Hi i've just joined, received my starter pack great mag' and i'm member 555 

Think i'll put my stickers top middle front and bottom middle rear.

See ya at a meet soon.


----------



## Dont I Recognise You (Oct 10, 2003)

good man!


----------



## Multiprocess (Aug 9, 2004)

I thought you would have joined ages ago, seeing how many posts you have!!


----------



## L7 (Aug 27, 2004)

I meant to last year when wayne stalked me in bude  just got round to as i spend too much time on the forum, i think i've gone mental [smiley=freak.gif]


----------



## L7 (Aug 27, 2004)

Right i've got the latest edition of absolutte with my membership pack and i've got the very first copy from Dave at the ttshop when i brought my wheels a couple of years ago how do i get the ones in between.


----------



## nutts (May 8, 2002)

L7C TT said:


> Right i've got the latest edition of absolutte with my membership pack and i've got the very first copy from Dave at the ttshop when i brought my wheels a couple of years ago how do i get the ones in between.

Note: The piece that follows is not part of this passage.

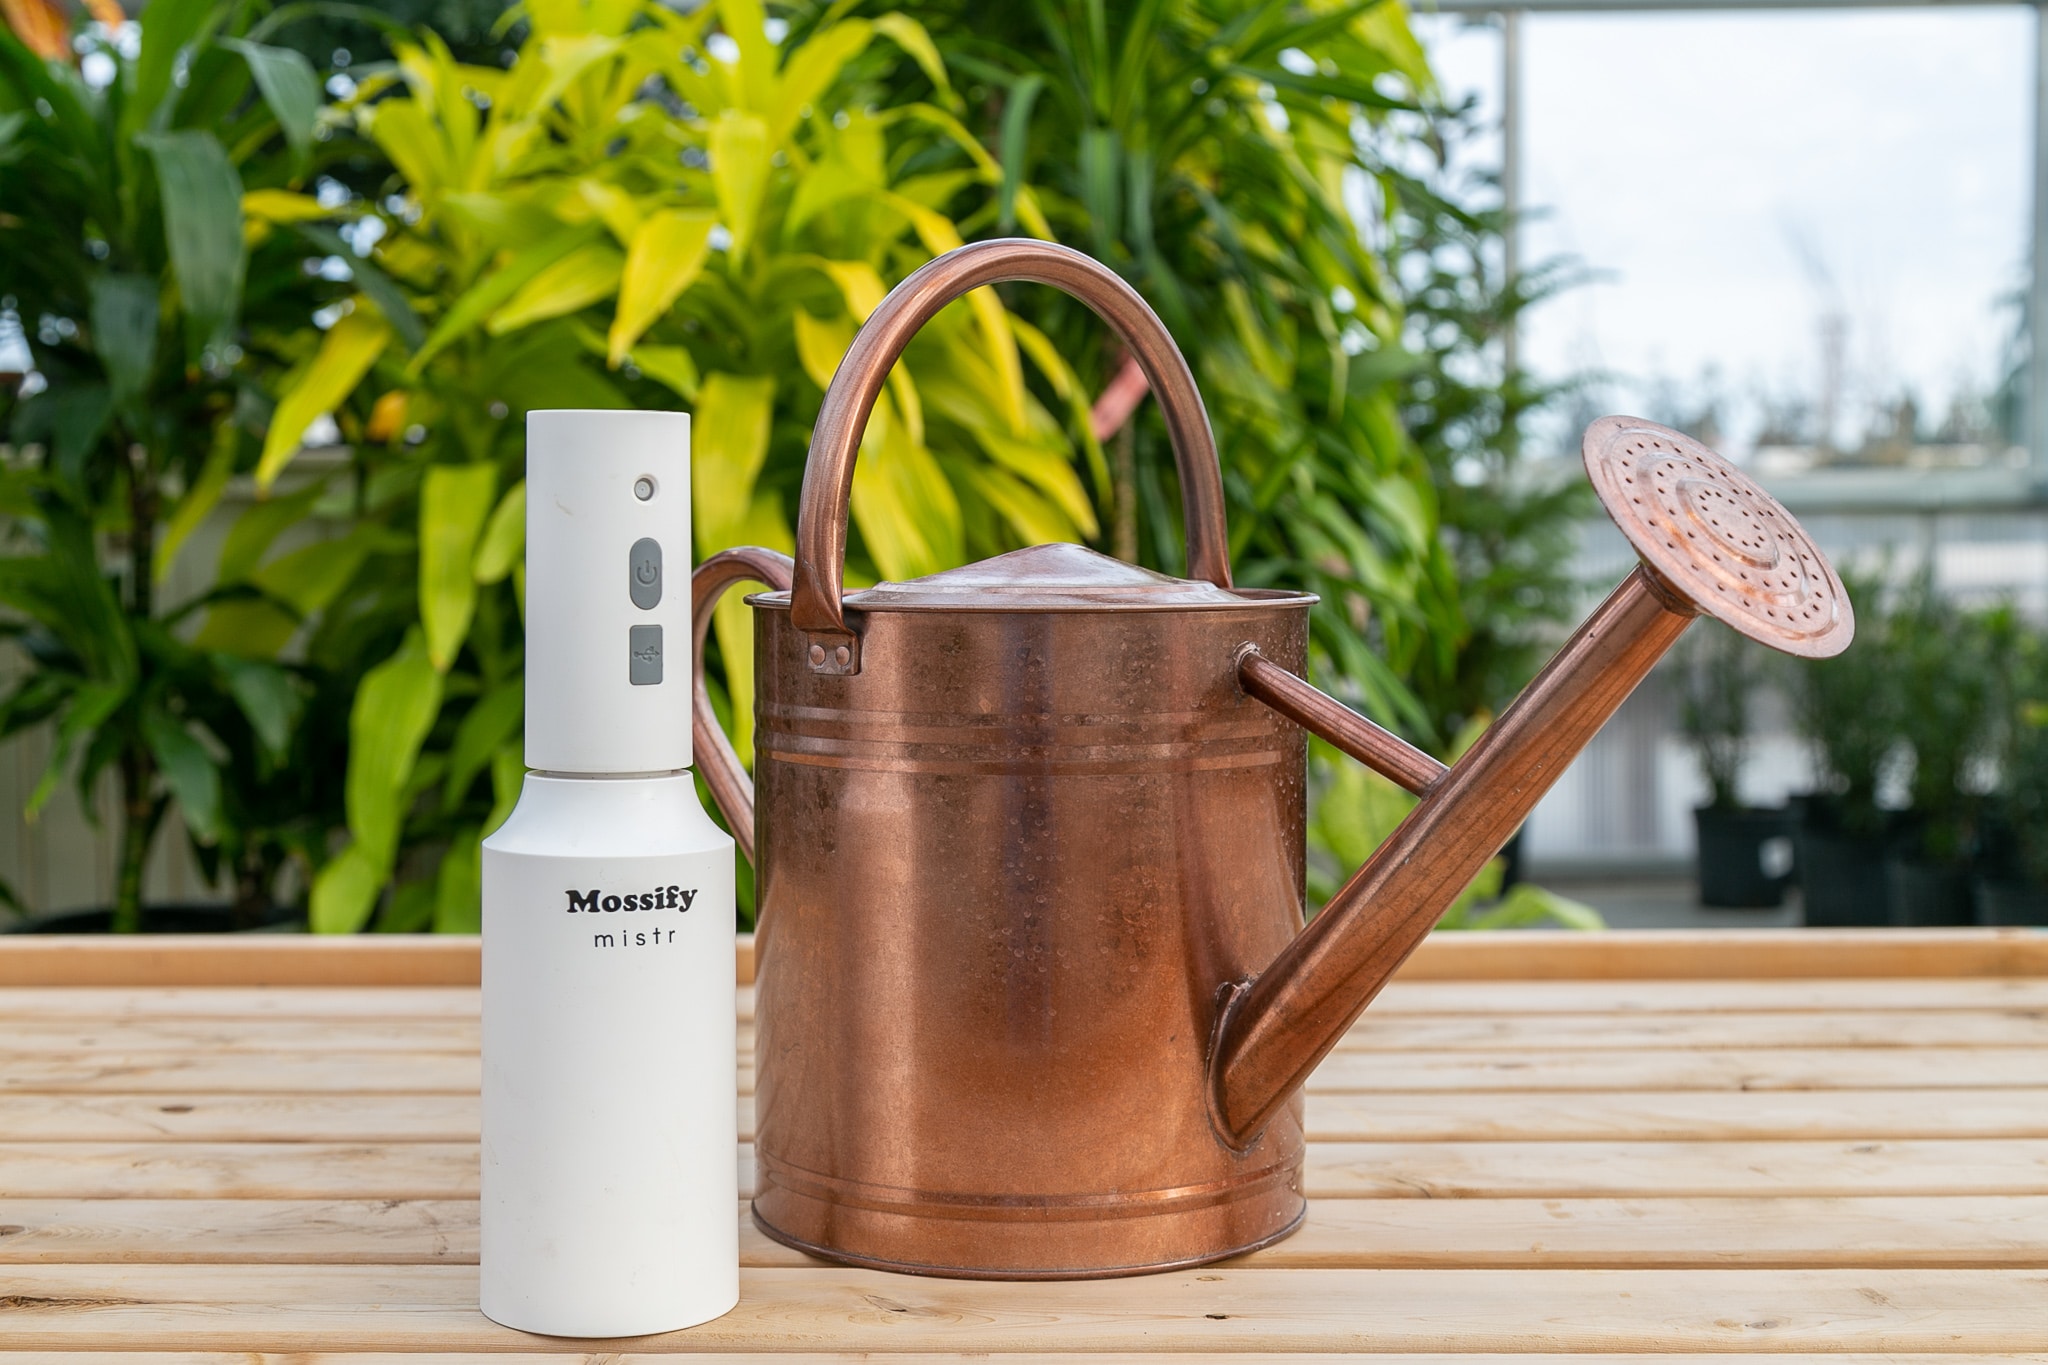 Image of Mossify Mistr and bronze watering can
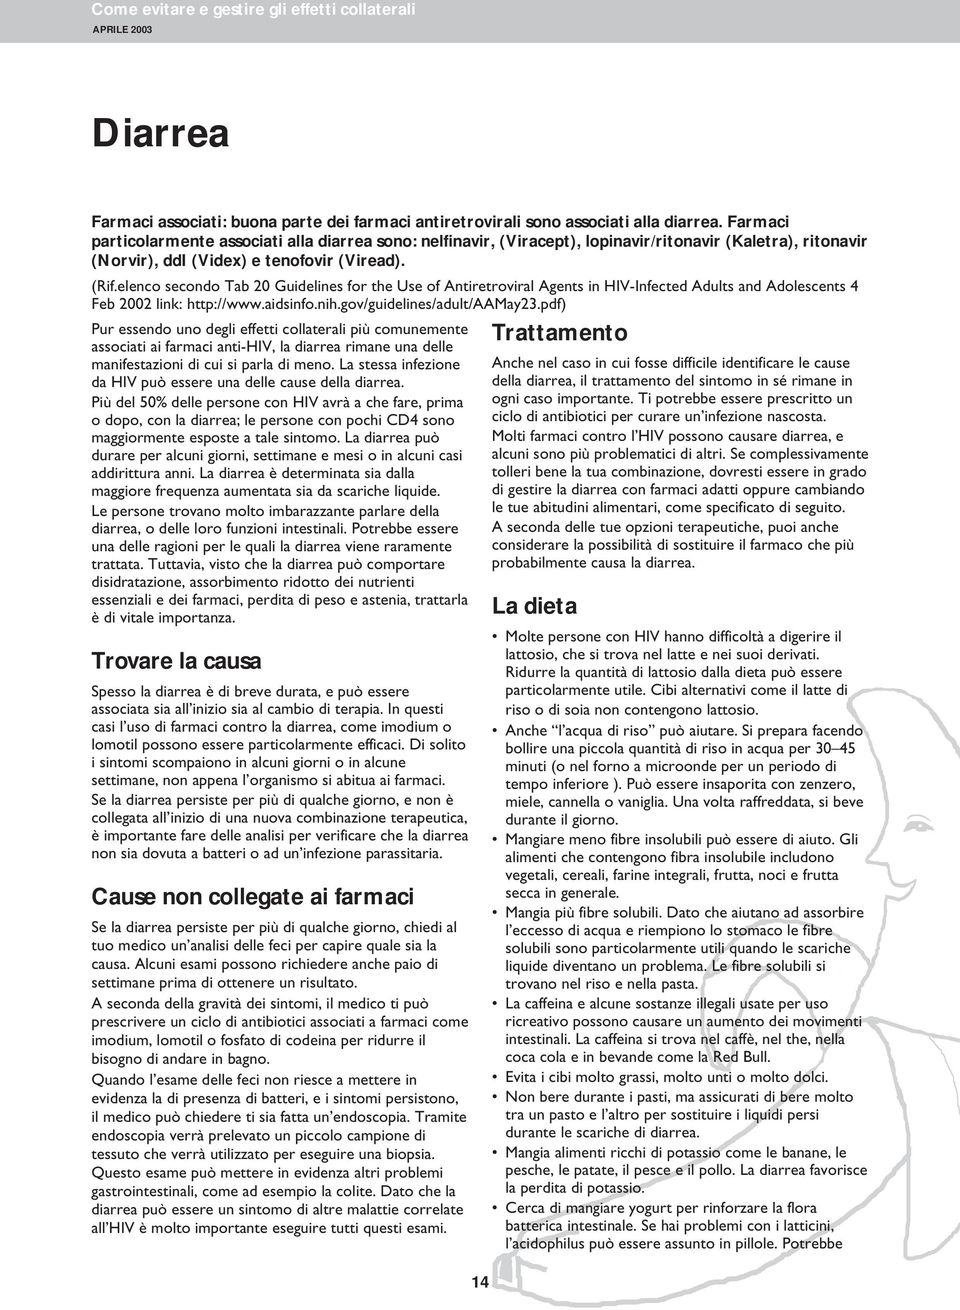 elenco secondo Tab 20 Guidelines for the Use of Antiretroviral Agents in HIV-Infected Adults and Adolescents 4 Feb 2002 link: http://www.aidsinfo.nih.gov/guidelines/adult/aamay23.

The shop :roll: http://shop.ttoc.co.uk 

If you you have access problems... please bear with us, as we are moving hosts this week and we will have to take the whole site down for day or so.


----------



## tactile (Dec 3, 2004)

how do you get a starter pack ?


----------



## hutters (Jul 16, 2002)

tactile said:


> how do you get a starter pack ?


Hi tactile

Click Here, select the membership you want (click Buy Now), create an account, checkout and pay 

Any problems then let us know.


----------



## nutts (May 8, 2002)

tactile said:


> how do you get a starter pack ?


Join the Owners Club 

Click here... http://membership.ttoc.co.uk go on... you know you want to


----------



## T3RBO (Dec 9, 2003)

Got my member pack today 

Job for Sunday - clean windows so I can fit stickers :wink:


----------